Whereas, the little boys were often the ones who play the action packed games: trucks and building and fighting. The one who took action. Who focused on themselves.
Now, I am not saying this is always the case, and certainly I am delighted to see it changing with more progressive and open-minded parents who don’t just stick to or adhere to traditional gender roles in the ways that their children are growing up…allowing them to play with whatever they want.
Still, these “traditional gender norm” messages run pretty strong in our culture and society. And even if you are a parent who desperately tries to push against them with your kids, we simply cannot be cognizant of all the ways in which our kids otherwise receive these messages: commercials, school classrooms, the playground, sleepover at a friend’s house, etc.
I know that I did.
And now, at this point in my life, 40, single and childless, it’s amazing to me: I am just now starting to come into my own skin, to recognize that I am the one worth prioritizing.
Because even though I have no partner or children, I will still (sometimes overly) focused on others—my students, my friends, my neighbors.
All of that is well and good, to an extent.

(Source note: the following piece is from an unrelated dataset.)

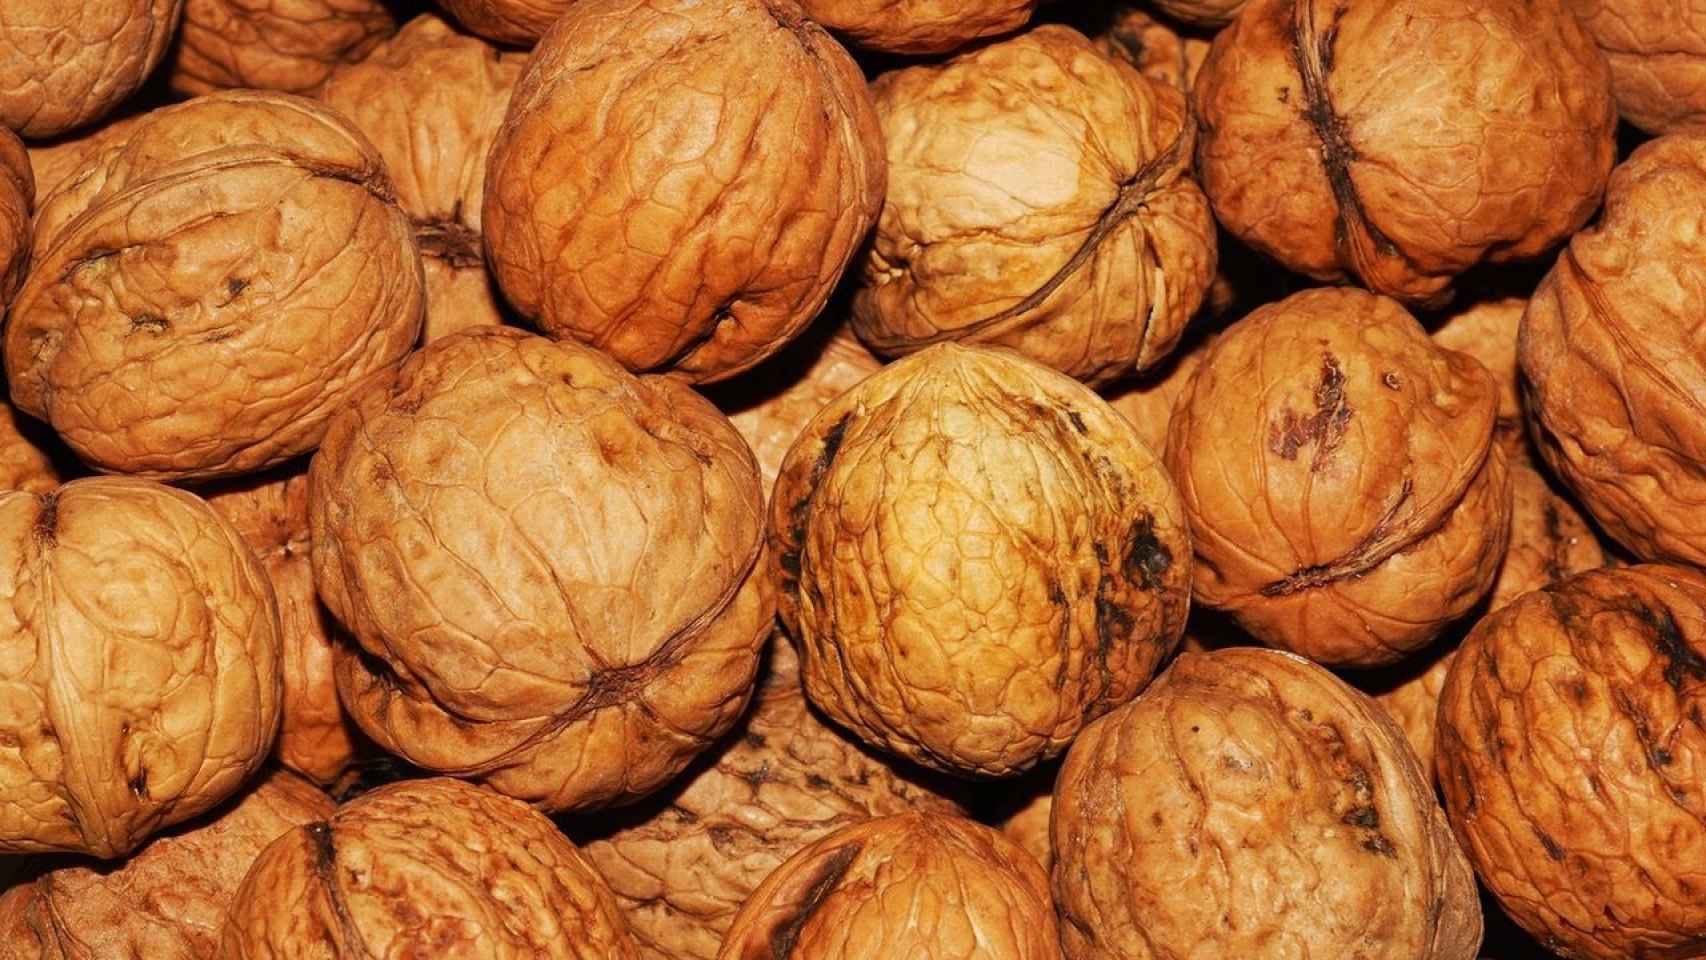 Comer dos nueces al día reduce el riesgo de cáncer de colon
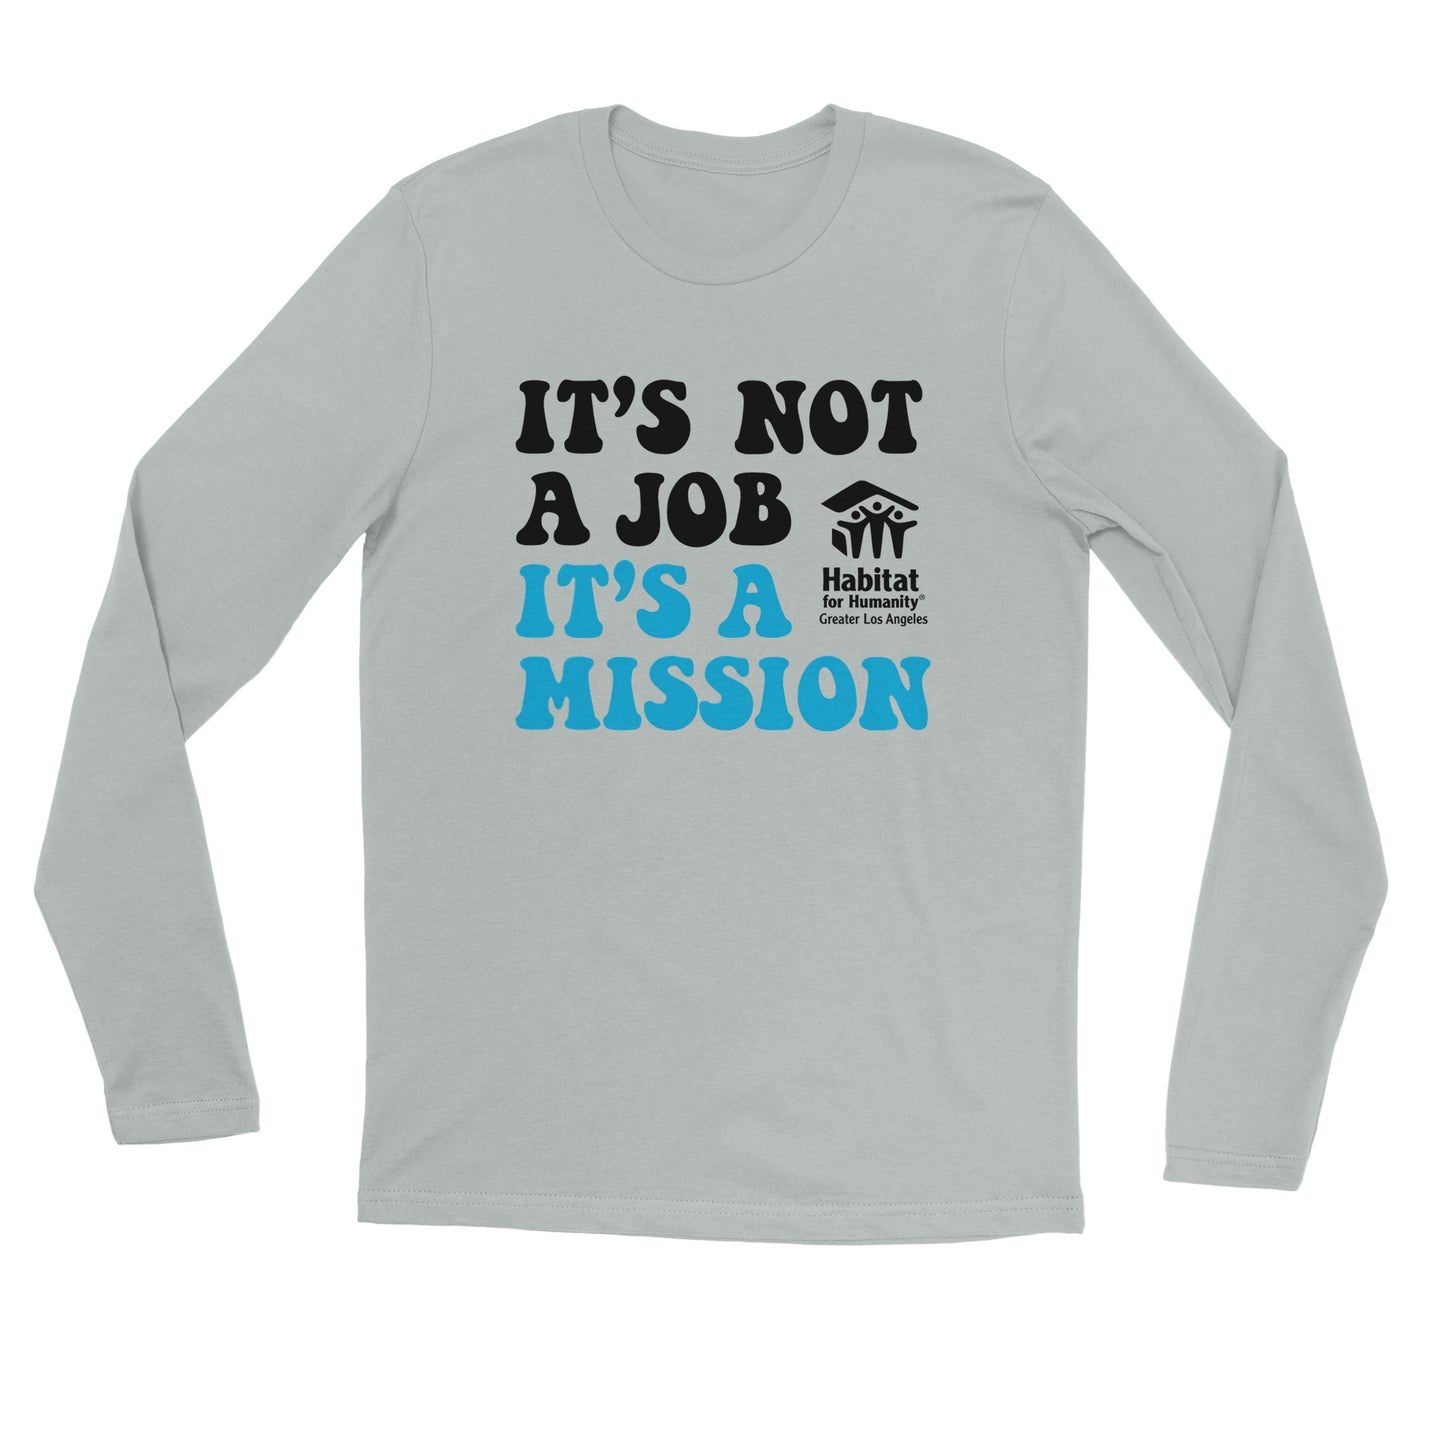 "It's a Mission" Premium Unisex Longsleeve T-shirt

But not when I forget to give love and care to me, to neglect myself. Which I have. Which I do.
My friend and I were talking about this the other night, as we were reflecting on how even good men [usually] don’t have to be taught to prioritize themselves, to center their own needs, and to be focused on their own boundaries.
Not all men, certainly. But enough. A majority.
So, as a middle-aged woman, I finally realize, as I responded to another’s social media post the other day—
I am my own best thing.
I am the great love of my life.
I have said this before, but it is worth repeating. Because, for many of us women, we are unlearning decades of internalized and external messages.
We are going against the grain of what society teaches us. Swimming against the current.
I feel that I was made to be childless and partner-less at this point in my life so that I could intentionally focus on my own healing and growth.
I am a very loving and generous person. Thoughtful, considerate, empathetic and compassionate. I know this about myself; others have noted it often.
I am very good at doing that for other people.
But I am still learning to do that myself. I often feel that I am in my infancy in this area of my life. Sometimes I suck at it, to be quite frank.
But I am trying. My mother never could. I strive to be different, the way I was taught and she would want me to be. The healthier way.
That is part of my healing journey.
I am learning to wander alone, to be solivagant.